Cloud computing services under the auspices of enterprise integrations and data management services offered, for instance, by IBM, Microsoft, & Oracle, are provided by licensed resellers of sanctioned services. These cloud service resellers provide segments of units with embedded services that are unique to the sanctioning enterprise service levels engaged. Critical to all aspects of any agreement is its eventful termination, if ever. Terminations engender a host of factors that slip the eye of subscribers delighted with the possibility of cost savings.
Factors to consider vary across the spectrum of business operations and service to be delivered by use of the cloud. However, there are points common to all that are inevitable. A factor worth considering is the handling of the data once the subscriber decides to terminate the cloud service agreement (CSA). This change of processing and retrieval is highly important considering the sensitive nature of the cloud managed data. The thought that gets most is the need to address the remnant digital copies of the subscribers’ business data remaining with the cloud service company. That extinguishing of the data must somehow be verified in order for a subscriber to remain compliant, for instance, with the Health Insurance Portability and Accountability Act (HIPAA), Fair and Accurate Credit Transactions Act (FACTA), or the Family Educational Rights and Privacy Act (FERPA). The time allowed for retrieval of the data and confirmation is also pivotal for the subscriber of cloud services.
Levels of service provided by the CSP require description especially as they are postulated as ‘enterprise’ modules. The unknown is the measurement of the level and the confirmation that the actual level of service is being met for the subscriber. With every service level, there are benchmarks for services and for determining the performance of the said service within that level. As level are assessed so are subscriber ‘points’ or ‘credits’ issued for service glitches. The subscriber should address the credit or point remuneration if you will if the glitch in cloud service affected its state or federal regulatory compliance.

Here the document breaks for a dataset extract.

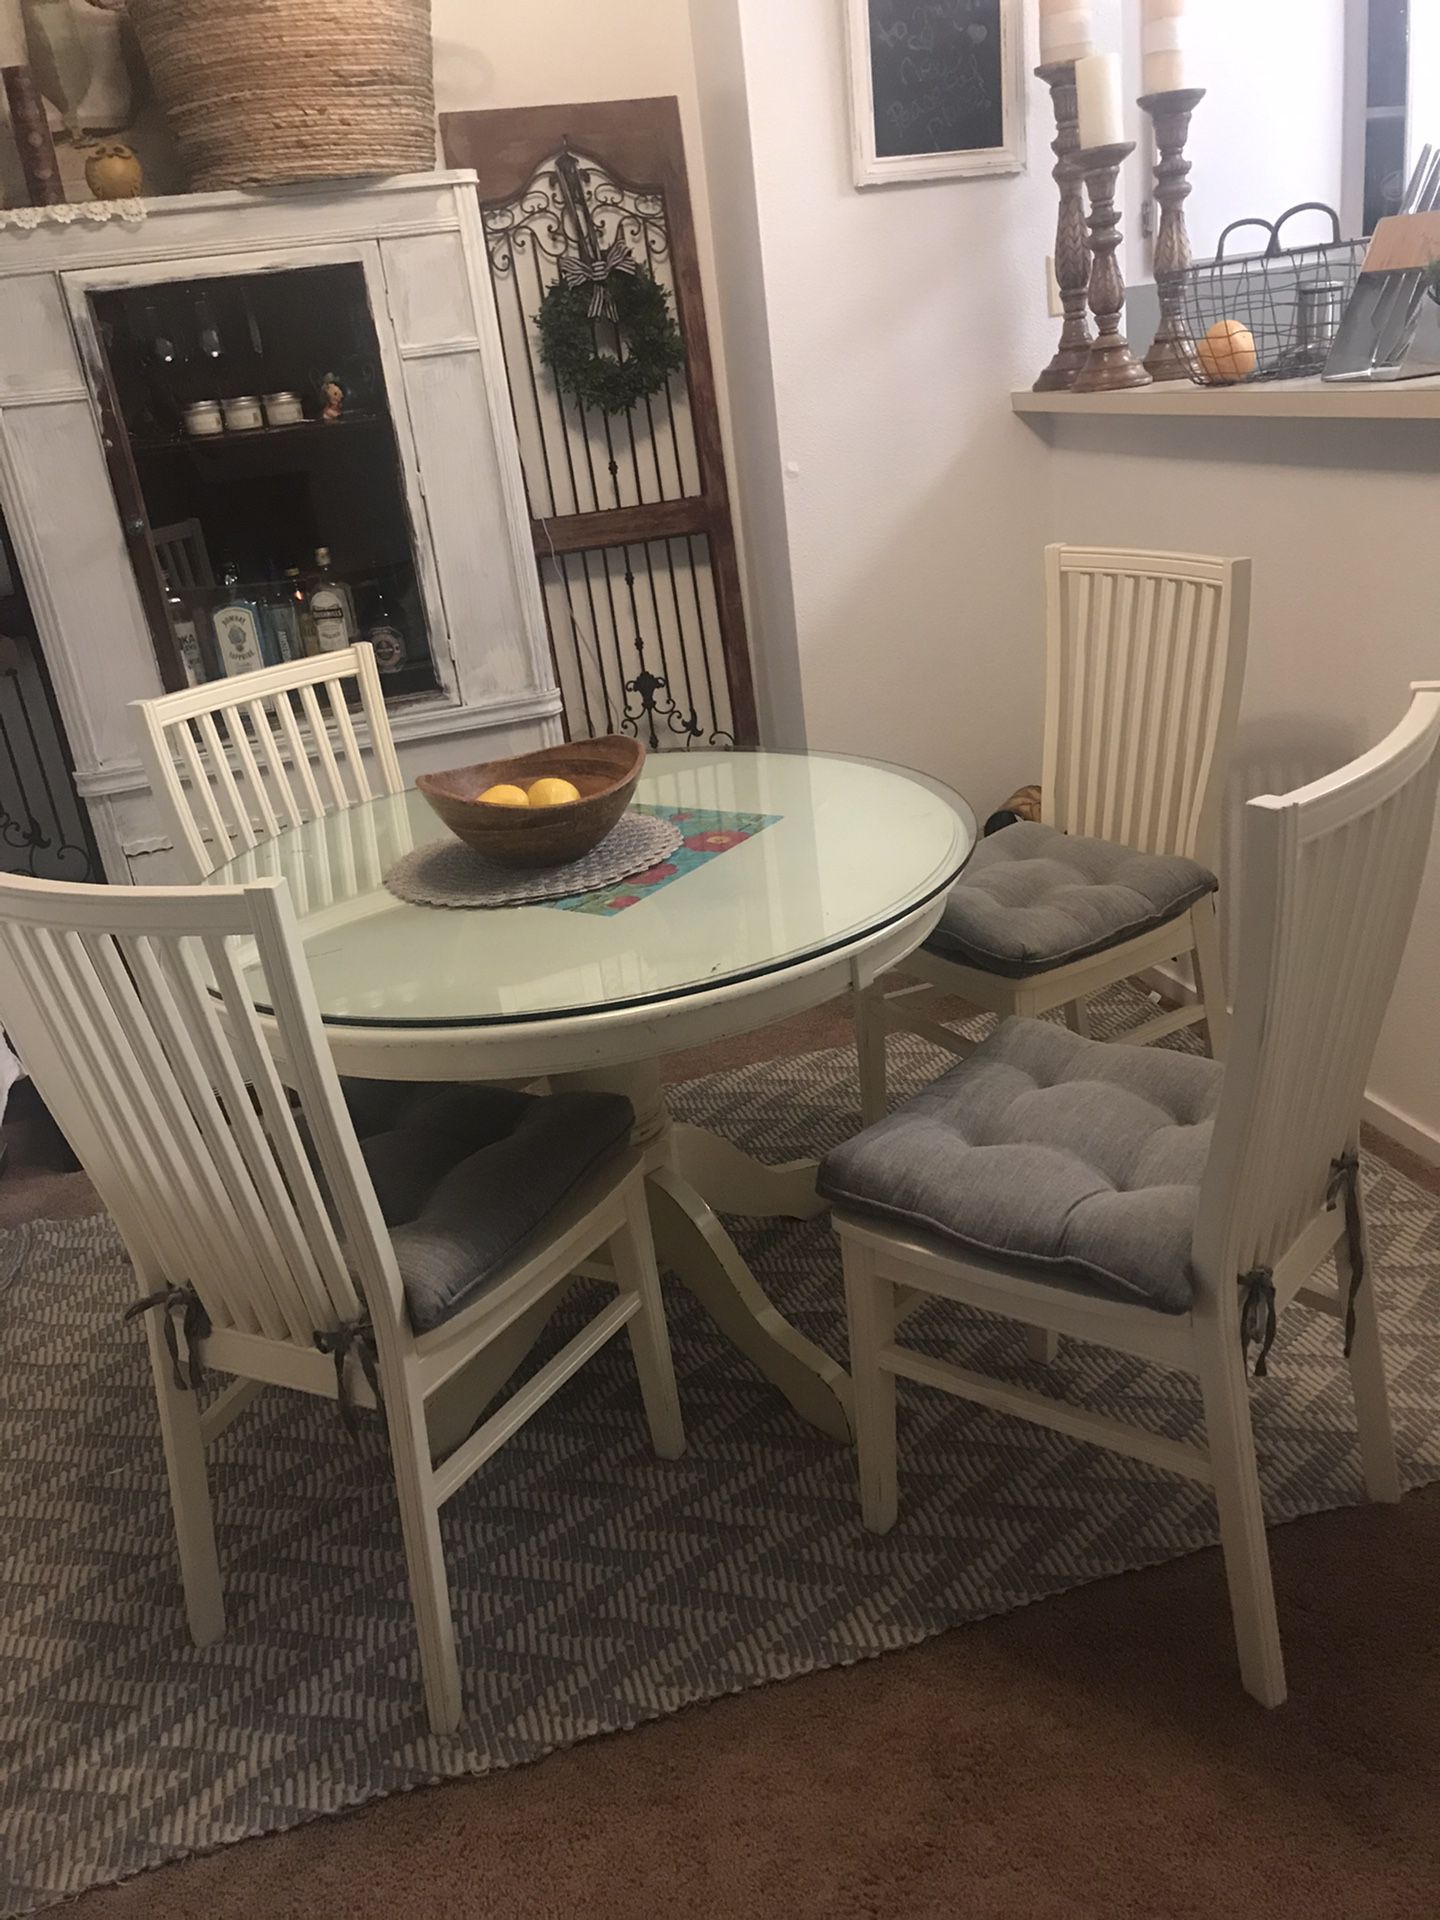 Dinner table with 4 chairs. (From 1 Pier Imports)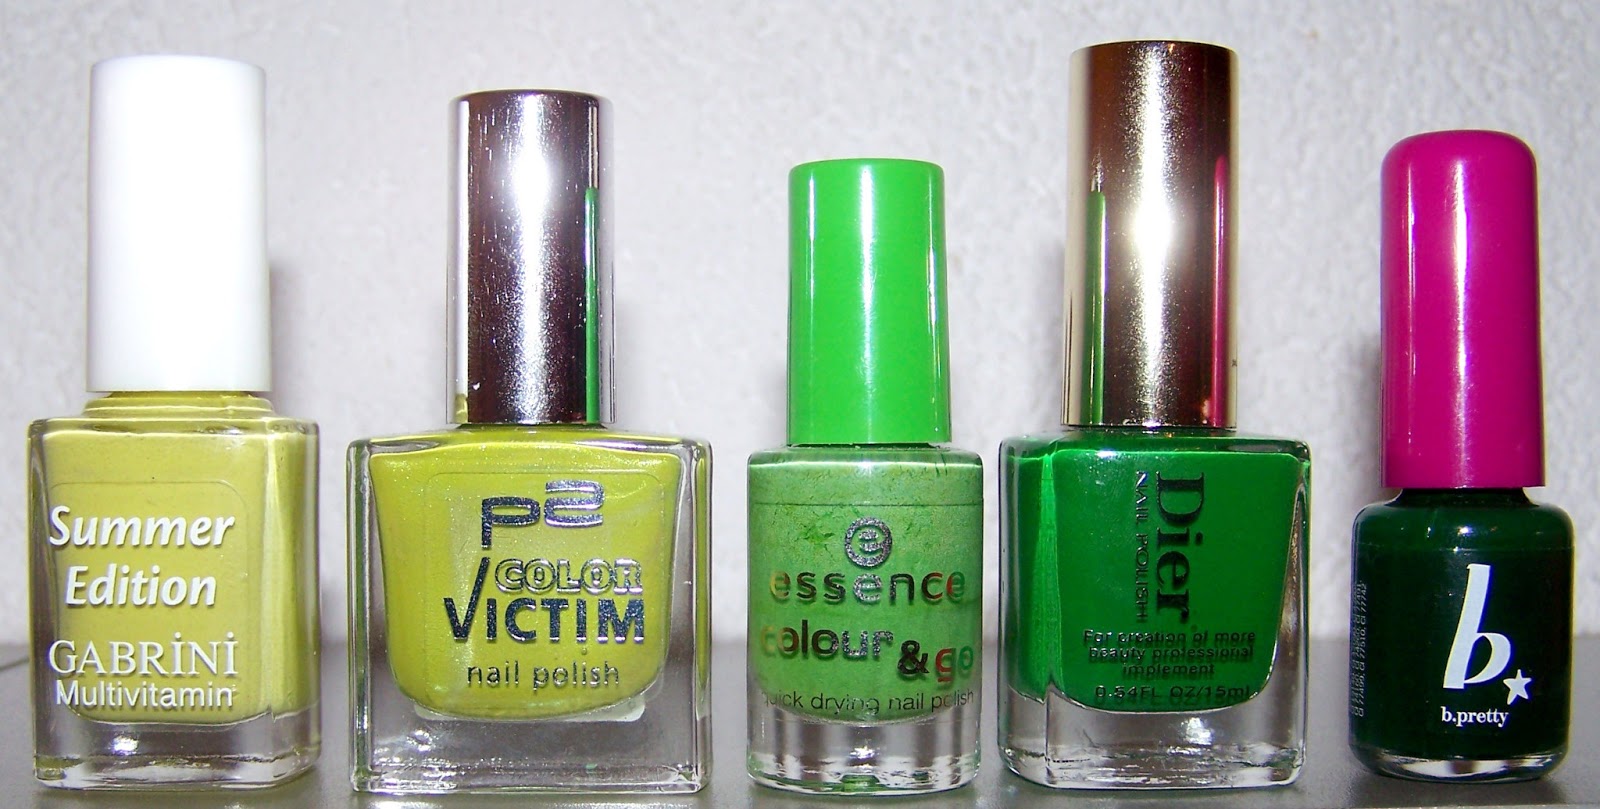 3. Neon Lime Green Ombre Nail Design - wide 3

Some attention should be given to the operations of the CSP and how it delegates it functions, especially if its services are contingent on the delivery of services of unidentified third-party service providers (TPSP). If there are TPSPs, what access restrictions will be established should as well be part of the equation. Along with the restrictions spelled out, there should be established training and standards set by the CSP spelled out to the subscriber of the access restrictions on TPSPs.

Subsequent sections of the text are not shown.